» **TRY IT**: Only the lines below from the one containing "Best Practices of" through the one containing "Cross-border dedicated for" belong in the answer, repeated exactly and without pictures.

» **EXTRACTED RECORDS**:
^^^^

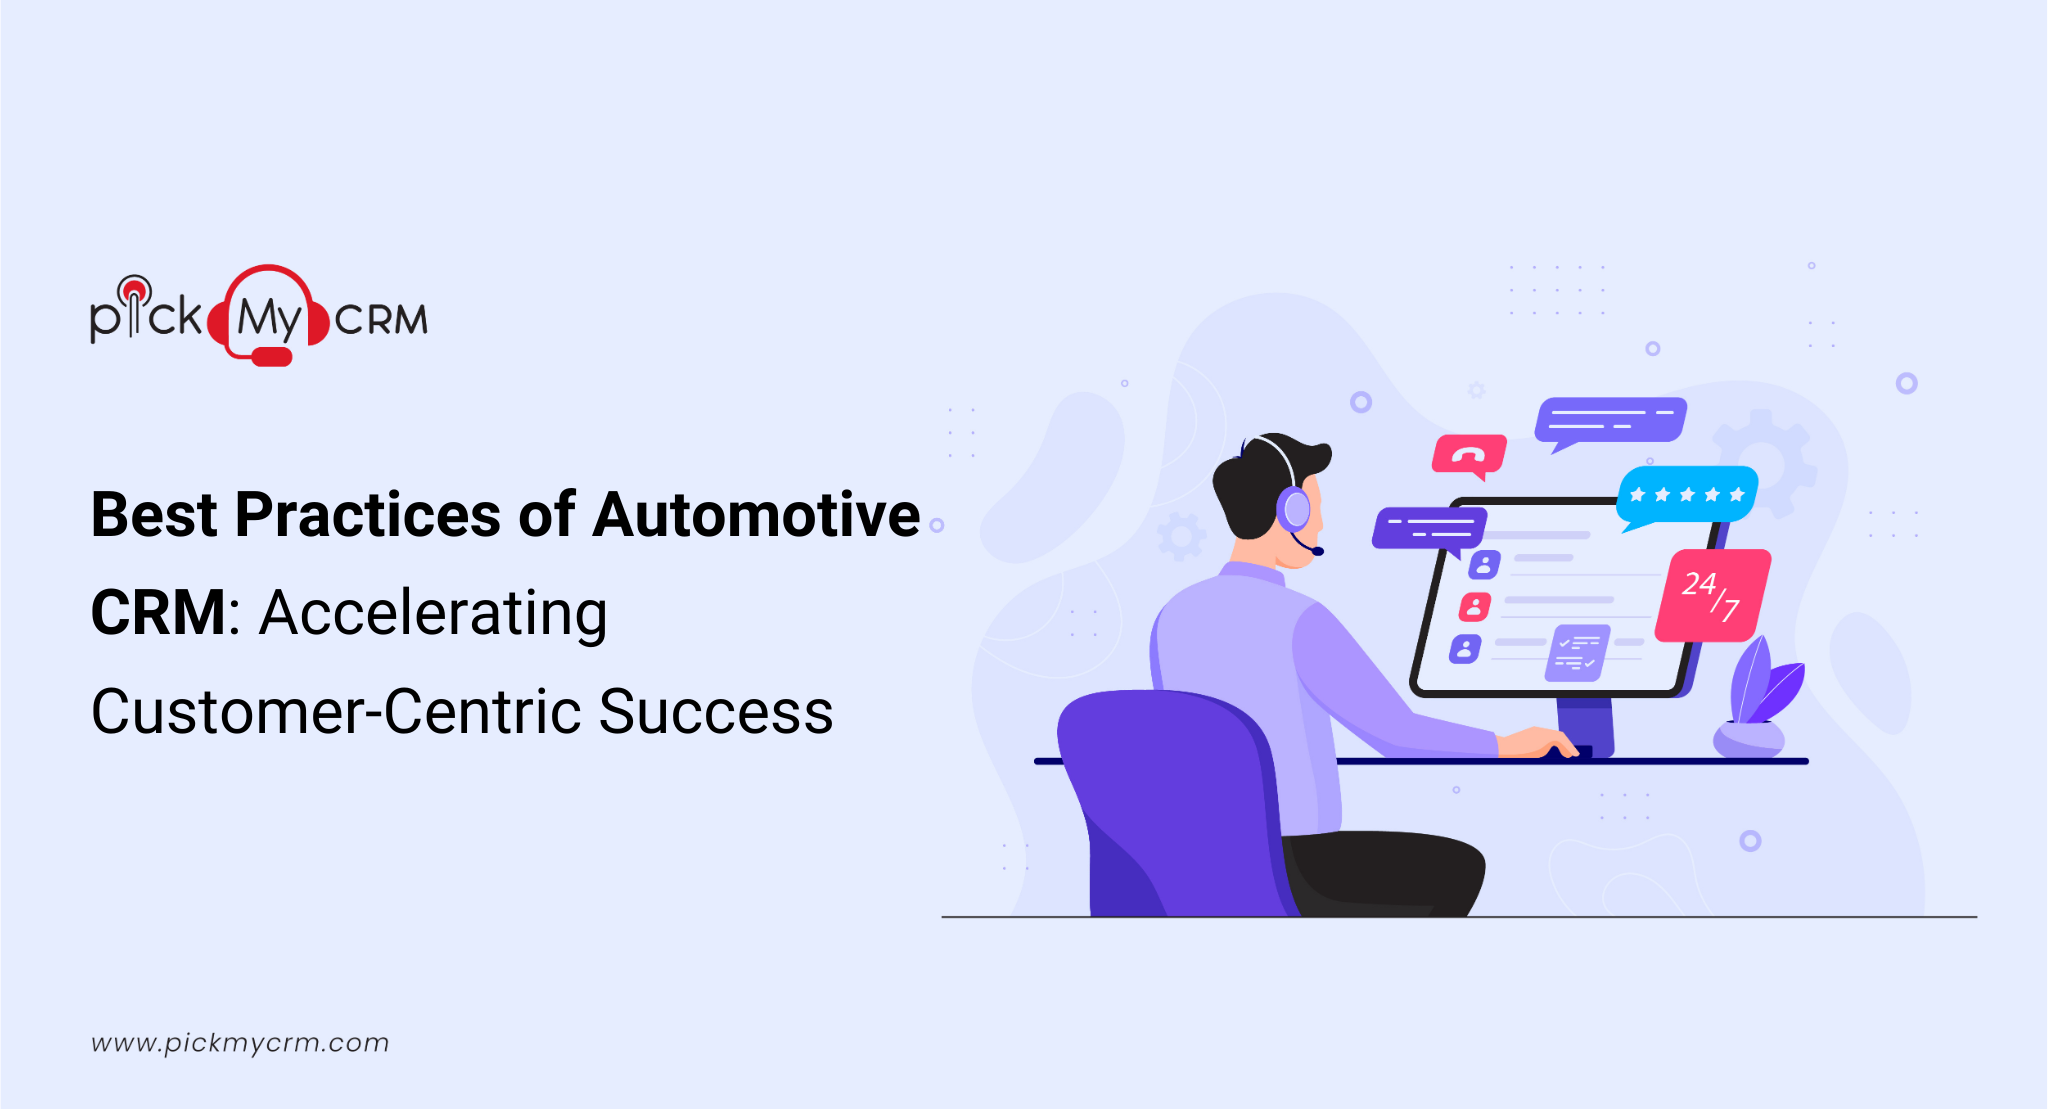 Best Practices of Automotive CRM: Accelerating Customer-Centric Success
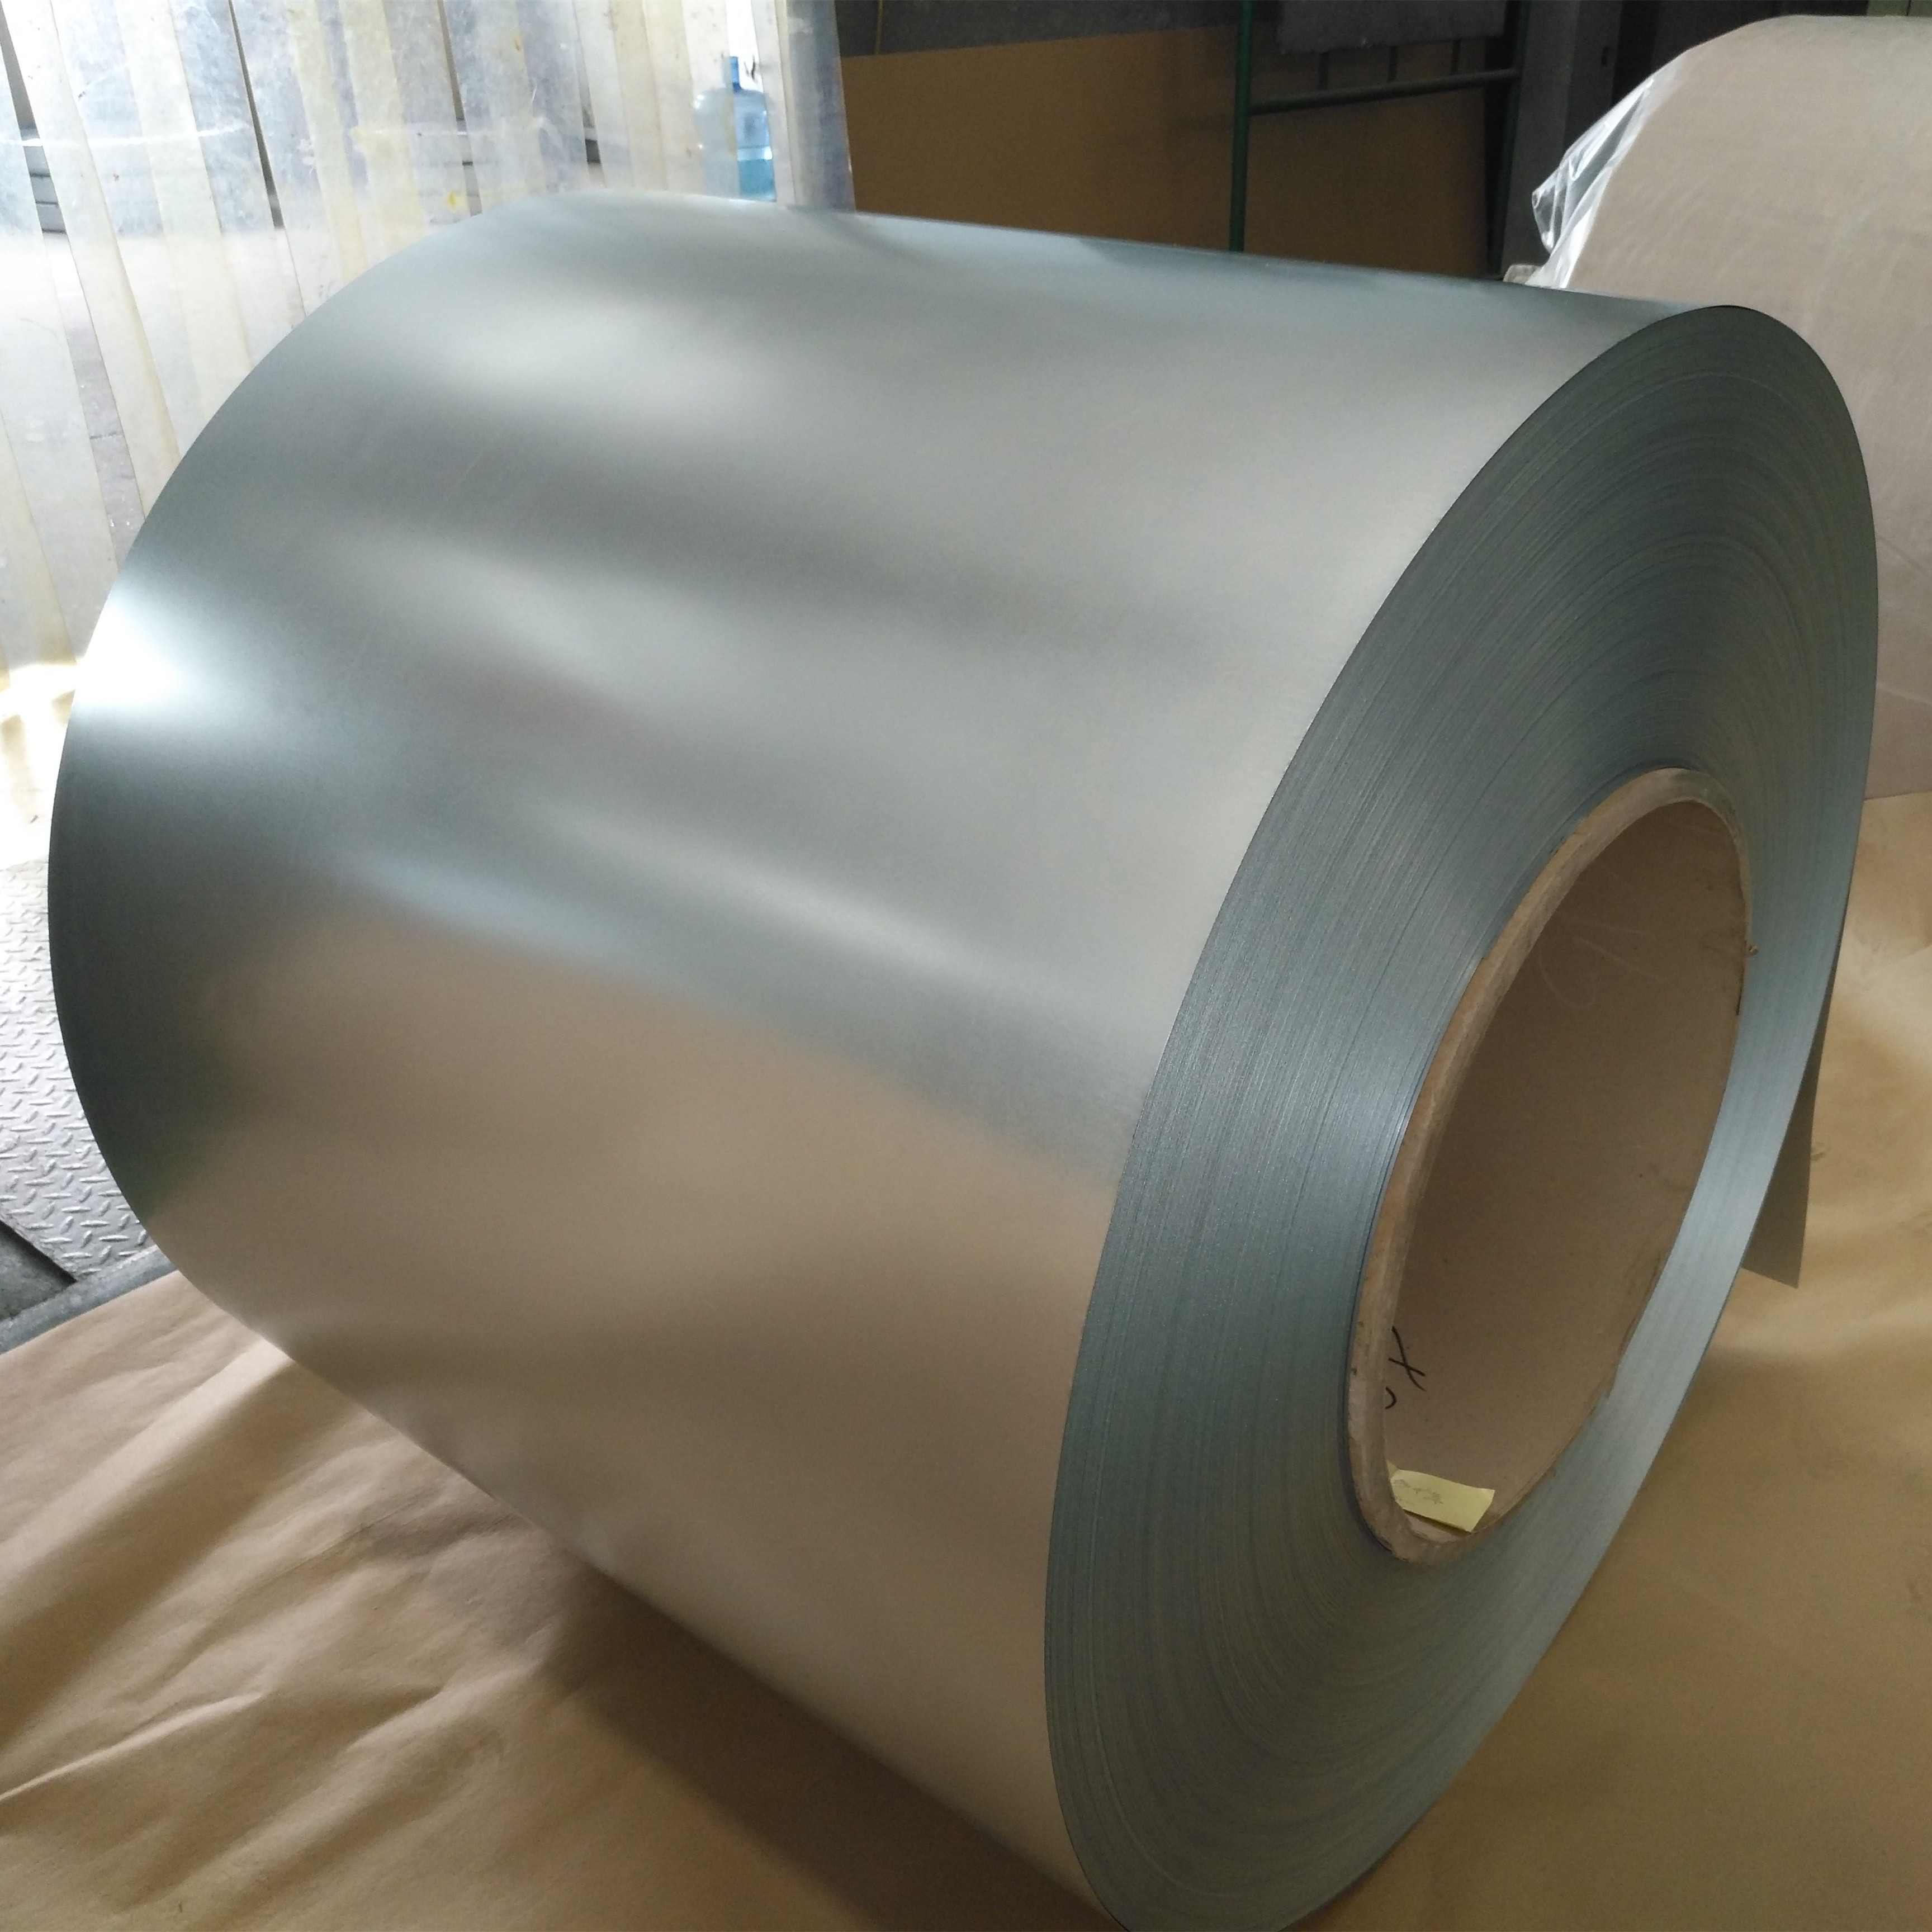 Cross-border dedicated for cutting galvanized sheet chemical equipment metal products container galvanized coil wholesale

^^^^

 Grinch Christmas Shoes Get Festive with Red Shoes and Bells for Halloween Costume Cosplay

^^^^

» **TASK RESPONSE**:
 Best Practices of Automotive CRM: Accelerating Customer-Centric Success
 Cross-border dedicated for cutting galvanized sheet chemical equipment metal products container galvanized coil wholesale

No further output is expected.